CLÍNICA ABERTA Esses são os marcadores políticos de nosso desejo. Mas para aprofundálos, é importante retornar às nossas origens. Em relação aos aspectos clínicos da formação do coletivo, em 2017, o fato disparador foi o diálogo com a Clínica Aberta de Psicanálise (Casa do Povo, no bairro Bom Retiro) e sua inventividade clínico-política. A primeira formação de pessoas a compor o coletivo veio de um chamamento feito por psicanalistas da Casa do Povo. Antes de ir à Praça Roosevelt, alguns de nós atendemos com eles e experimentamos um outro setting. Foi lá que ouvimos pela primeira vez expressões como "grupo analista" ou "rotatividade": aqueles que eram atendidos não teriam apenas um analista, mas seriam atendidos rotativamente por analistas componentes desse "grupo analista", os quais se reuniam regularmente para produção de um saber coletivo sobre a clínica. Além de um modelo clínico que estávamos "importando" da Clínica Aberta/Casa do Povo, trazíamos também essa referência em nosso nome, que era "Clínica Aberta de Psicanálise - Praça Roosevelt". E ainda: uma configuração com figuras que centralizavam o pensamento e a condução do coletivo. Porém, de saída havia uma diferença importante entre nós e a Clínica Aberta na Casa do Povo: o fato de que nosso trabalho precisava ser inventado naquela praça. Como a prática clínica psicanalítica é interpelada pelo território? Ainda mais uma prática que se pretende pública, tal como uma praça, cuja circulação, modos de uso e vasto campo de contingências tem incidência na clínica? Despontou que o mais interessante seria ser afetado pela Praça Roosevelt, ouvir suas lógicas e dizeres, muito mais do que uma atitude messiânica ou caritativa de "levar a psicanálise aos mais necessitados", numa lógica de oferta/demanda.

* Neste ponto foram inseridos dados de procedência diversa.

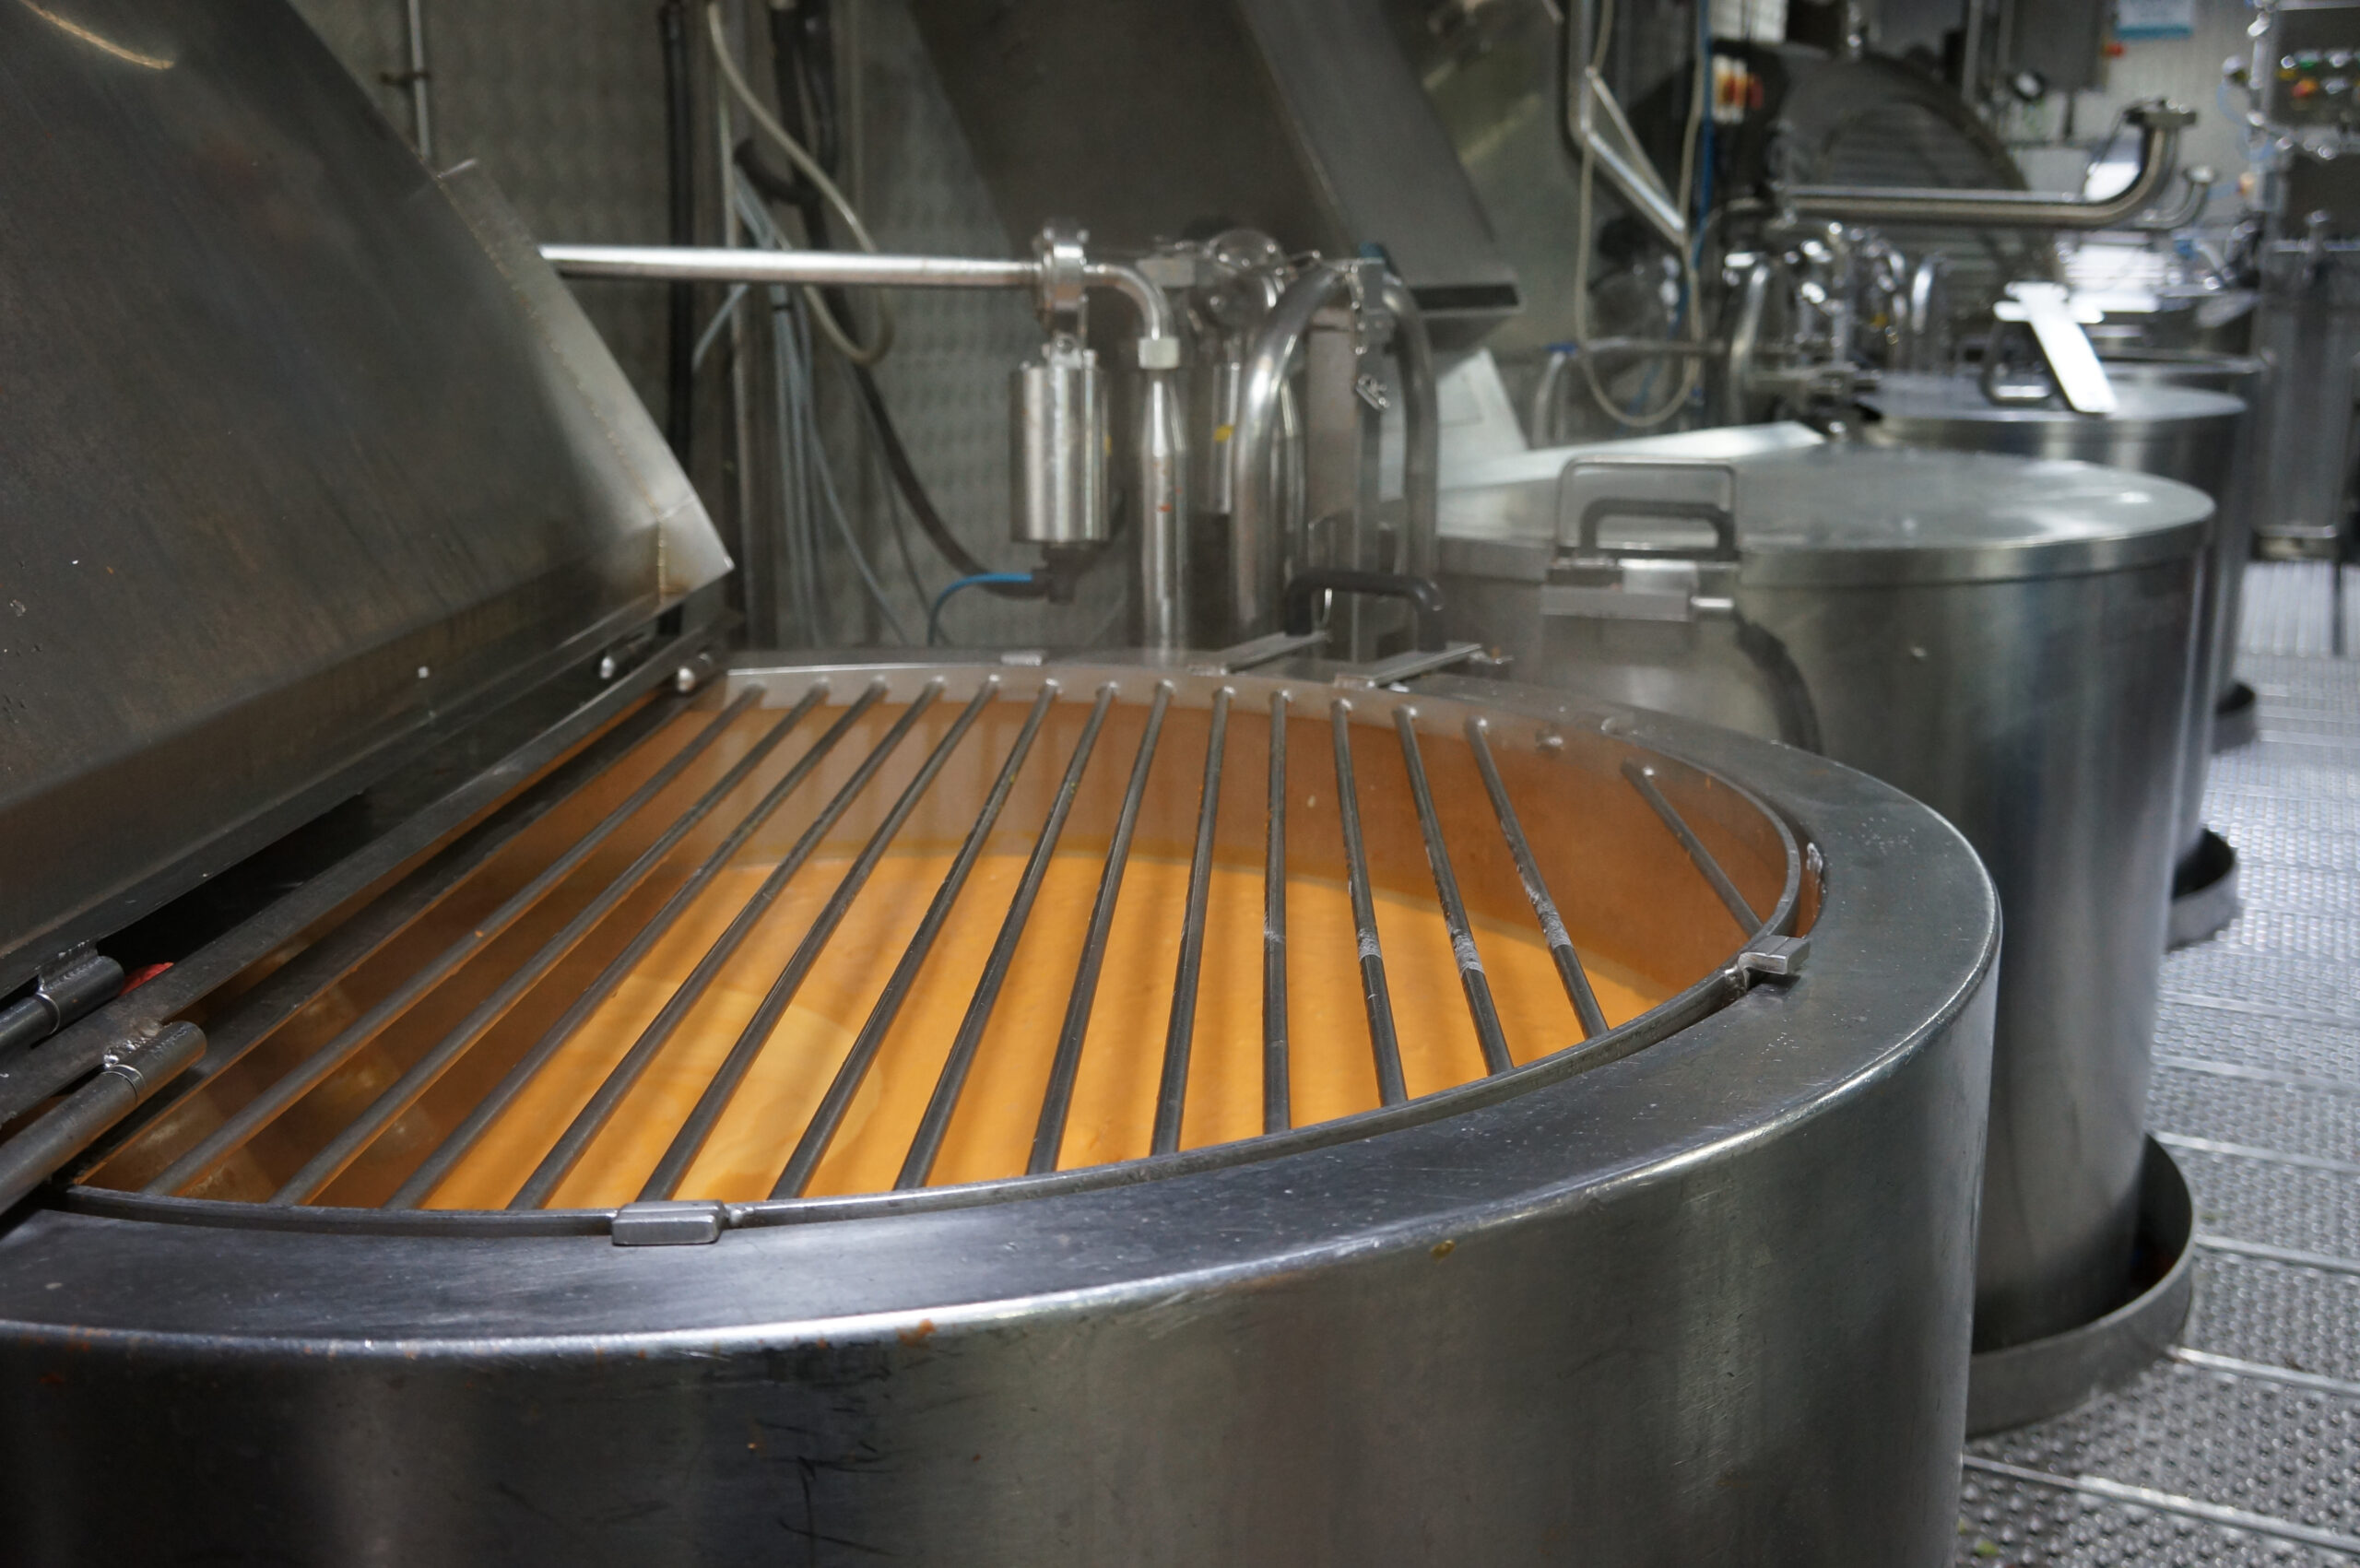 Soup in a large metal container being cooked.
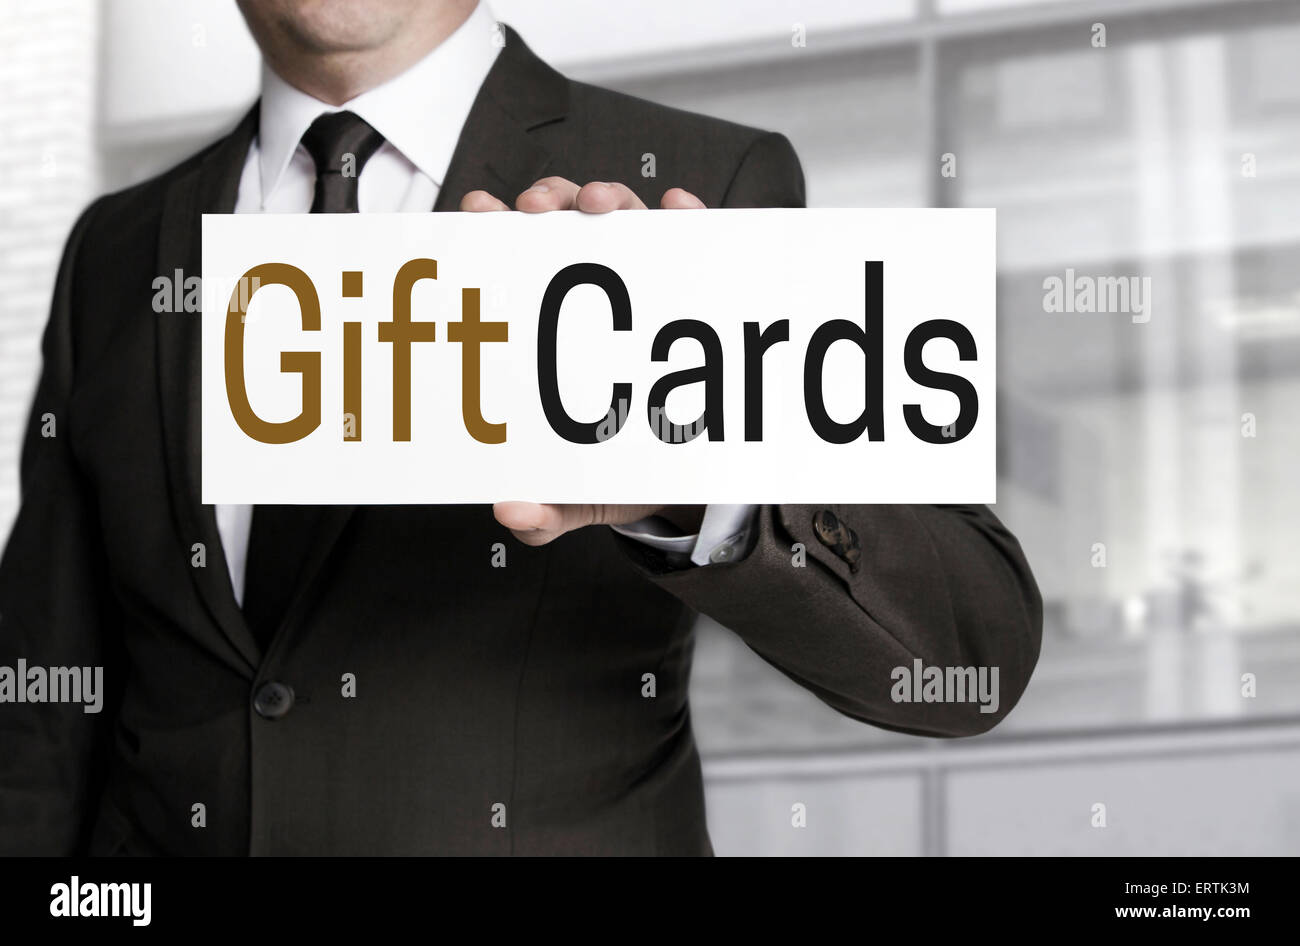 Gift Cards sign is held by businessman. Stock Photo

REFUNDAÇÃO É desse ponto em diante, estabelecendo diferenças clínicas e teóricas com nosso ponto de origem como "Clínica Aberta de Psicanálise", que nos nomeamos "Psicanálise na Praça Roosevelt". Esse é o momento que chamamos de "Refundação": é aí que (re)afirmamos o desejo de manter o coletivo vivo, de prescindir de figuras centrais de poder/saber e, acima de tudo, de pensar de forma autônoma nosso modelo clínico a partir do que encontrávamos na nossa prática. As ideias iniciais propunham como argumento clínico da rotatividade do analista favorecer a "sustentabilidade do coletivo", já que essa proposta metodológica possibilitava ao analista uma abertura maior quanto a sua participação. Ou seja, cada um pode estar na praça, aos sábados, da maneira que puder e quiser. Questionávamos se essa metodologia não estava mais a serviço dos próprios psicanalistas do que dos atendidos. Isso, conforme elaboramos e fomos interpelados, apontou para a dimensão de conveniência que a rotatividade de analistas teria, a conveniência para os próprias analistas. Porém, para não jogar o bebê fora com a água do banho, de fato pudemos seguir uma esteira de inventividade clínica a respeito do que estabelecemos como "rotatividade e fixação", advertidos dessa dimensão de conveniência. Isso será melhor aprofundado adiante. Outra questão central foi a afirmação do termo "coletivo" em detrimento de uma estrutura hierárquica, de escola ou coisa parecida. Isso não veio sem embates e debates, encontros e desencontros e a percepção de que entrelaçar trabalho clínico-político a um modo coletivo de funcionar a partir dos desejos é algo que necessariamente inclui conflitos constantes. Uma presença importante nesse momento é a dos textos "A tirania das organizações sem estrutura", de Jo Freeman, e a resposta a este primeiro texto, vinda poucos anos depois, no texto "Tirania da tirania", de Cathy Levine. O que então pudemos


extrair do debate destas autoras, originalmente estabelecido no âmago do feminismo estadunidense dos anos 1970, foi o reconhecimento de certa dimensão de poder ligada ao fato de operar a partir de uma lógica horizontal, sem uma estrutura hierárquica pré-estabelecida. O poder e práticas antidemocráticas se infiltram informalmente no fazer político coletivo, especialmente naqueles sem estruturas claras e definidas, mas podem ser tratados. No entanto, será que a única forma de ensejar a circulação de poder e um trabalho democrático é por meio do estabelecimento de "estruturas"? De todo modo, acabamos por aderir mais à resposta de Cathy Levine, mesmo reconhecendo a existência de dinâmicas que possam estabelecer privilégios numa prática pretensamente horizontal, conforme Jo Freeman expressa. Propusemos-nos a ir para uma versão mais advertida de uma composição coletiva e horizontal. Entendemos que apostaríamos na amizade como potência, não de infinita reafirmação narcísica, mas como diferença e suporte – afinal, éramos e nos mantivemos refratários às regras burocráticas e enrijecidas de trabalho, inclusive por não acreditar nelas como sustento de uma prática democrática.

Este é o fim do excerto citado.